By Anna, Senior Consultant

ALL ABOARD

As a reaction to the Ukraine war, the German cabinet in late Marchdecided on a package of relief measures, kind of a cushion addressing the rising energy and gas prices. One of the measures: the 9-Euro-Ticket, which allows you to use the public transportation in the whole of Germany, for a rather symbolic price. Awesome, right?
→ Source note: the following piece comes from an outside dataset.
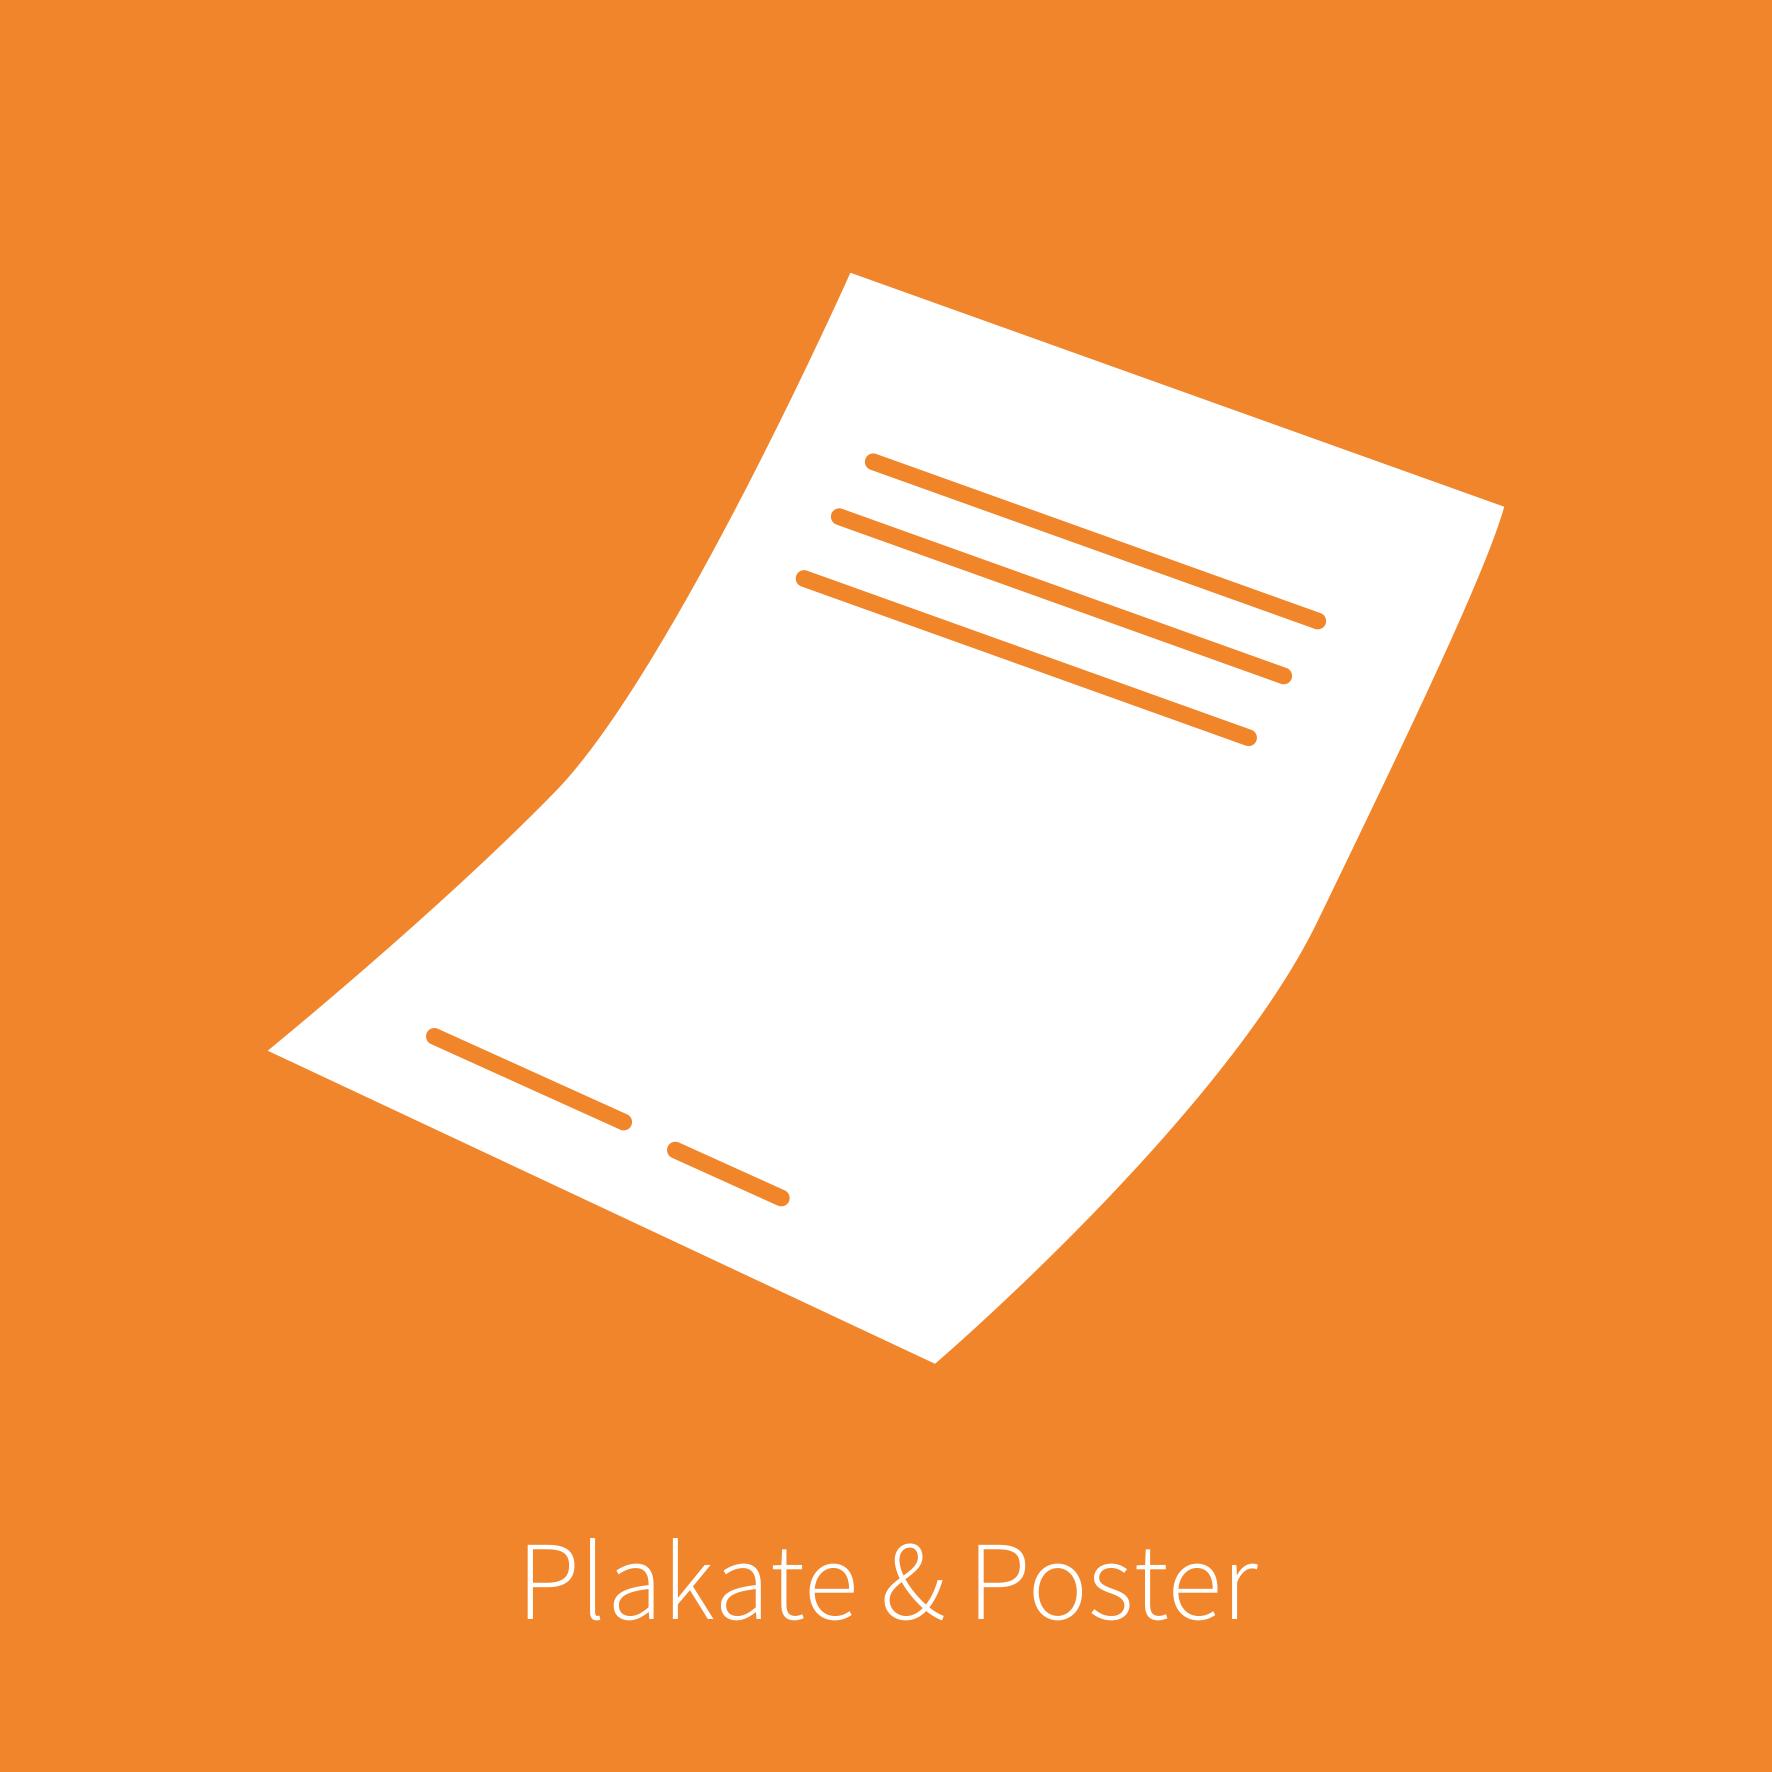 Plakate & Poster

Well, yes, overall. Just some thoughts:

  1. The duration is restricted to three months. The intention behind this was to water down the higher energy prices, so why let it end before they hit hardest in autumn and winter?
  2. 9 Euros. German Rail claims to have sold 7 million tickets so far, 63 million euros. The cost of this whole endeavor is being estimated at around 4 billion. Why not make it free? I am pretty sure, the cost for implementing the system and selling will offset the revenue.
  3. German Rail, an already hopelessly overwhelmed enterprise, rarely manage to get their trains on time anywhere. Allowing everyone to use many of their services for free, without first taking care of the corresponding offering…

But I don’t wanna be the party pooper. Public transportation is good for the environment and might convince some car users to abstain from their beloved vehicle…for three months at least. Now the only thing left to worry about are the people living on Sylt, who are terrified of hordes of Germans getting on a train and invading their beautiful North Sea island over Pentecost weekend.